Examples of using "Volverá" in a sentence and their dutch translations:
Hij komt terug.
Wanneer komt hij terug?
- Hij komt zo terug.
- Zij komt zo terug.
Hij komt morgen terug.
Hij zal over een uur terug zijn.
Ik denk dat hij nooit meer zal terugkomen.
Ik denk dat hij nooit meer zal terugkomen.
Dit zal niet nog eens gebeuren.
Wanneer komt ze terug thuis?
Ik denk dat hij nooit meer zal terugkomen.
Dit zal niet nog eens gebeuren.
- Hij zal over tien minuten terug zijn.
- Hij is over tien minuten terug.
Op 25 januari zal hij terugkomen.
Hij zal over een uur terug zijn.
Kom je morgen terug?
Ik geloof dat hij nooit meer zal terugkomen.

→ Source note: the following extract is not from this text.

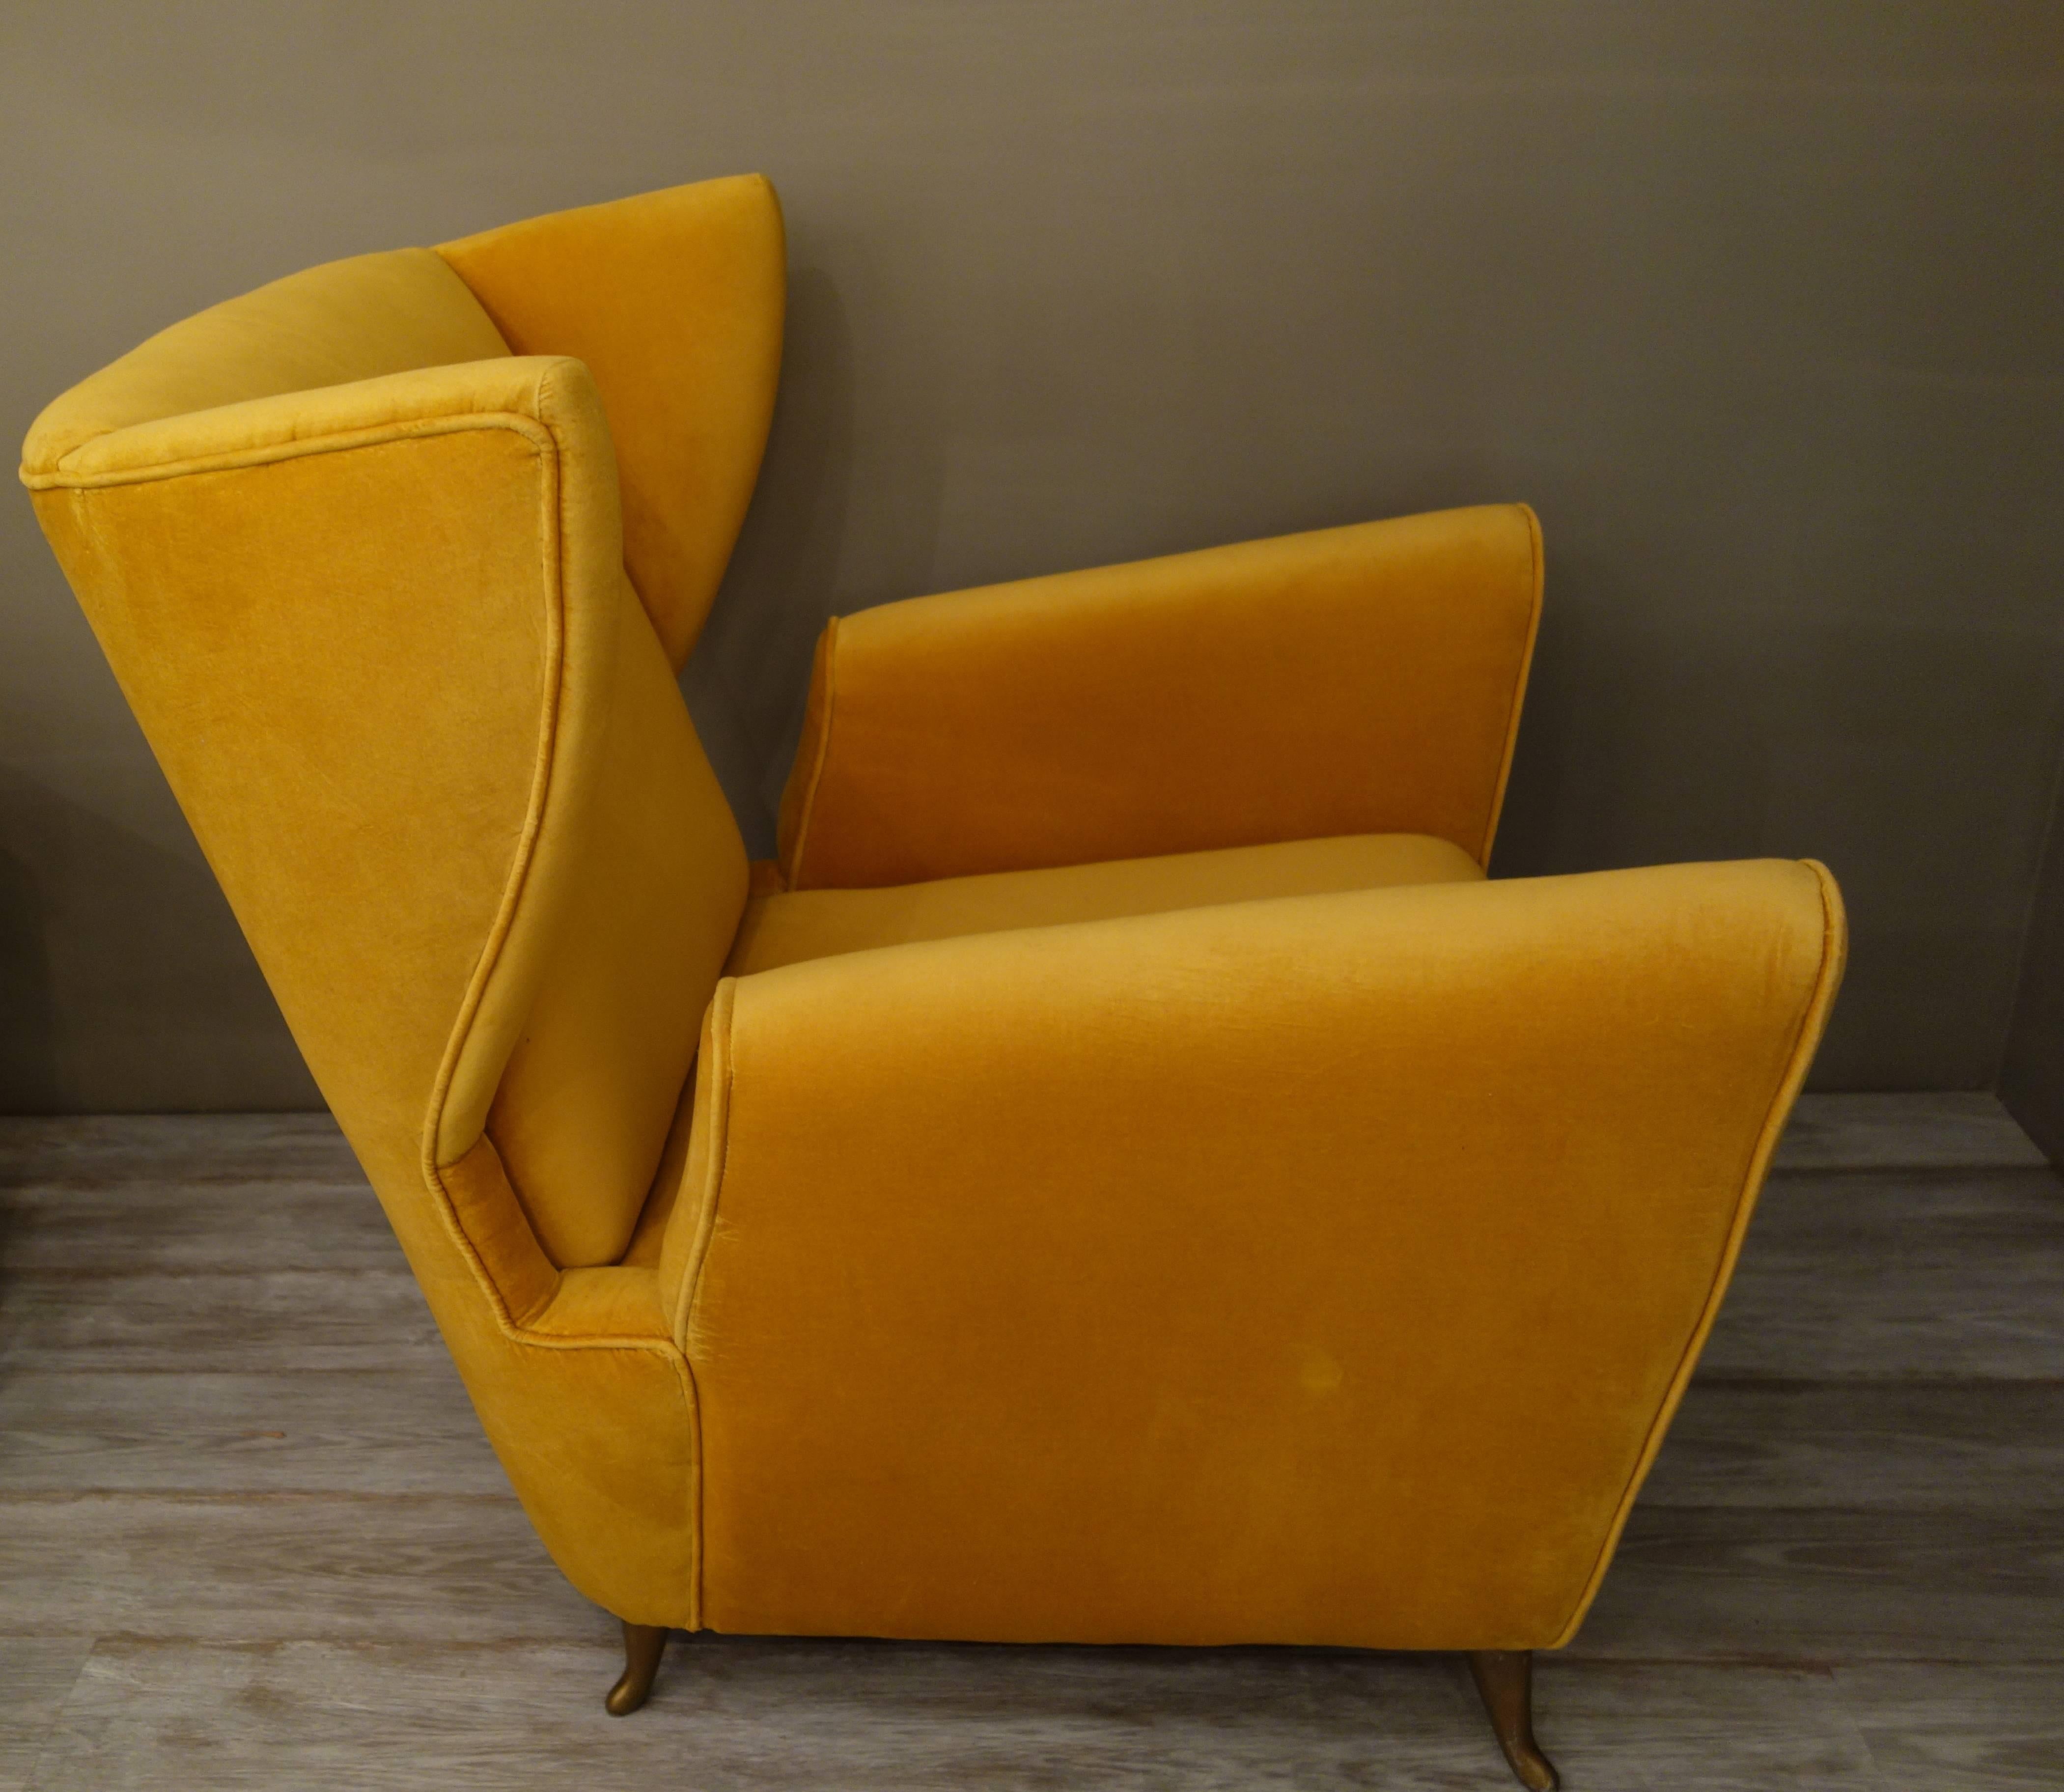 A pair of Mid-Century Italian lounge chairs or armchairs by Arredamenti ISA of generous proportions, the broad, curved, angled backs with deeply sculpted modified wings, the shaped, cutout sides forming the flared, slanted arms, with tight seats

Ze komt ons gauw weer bezoeken.
Ze is binnen een week terug.
Hij is zo terug.
Ik weet niet wanneer mijn moeder terug zal komen.
Ten laatste maandag is hij terug.
Ik weet zeker dat ze snel terugkomt.
Tokio zal opnieuw te lijden hebben van droogte deze zomer.
Ik weet niet wanneer hij weer komt.
Uit de kast komen zal niet langer een optie zijn,
Dit soort verantwoordelijkheid zal meer en meer urgent worden.
Het jagen zal weken niet meer zo goed gaan.
Tegen de tijd dat zijn moeder terugkeert... ...is de crèche weer compleet.
- Hij zal over tien minuten terug zijn.
- Hij is over tien minuten terug.
Bill komt volgende week terug.
In Tokio zal het deze zomer weer tot een watertekort komen.
Hij gaat de stad nooit meer bezoeken.
Het zal steeds moeilijker worden om in het dorp te leven.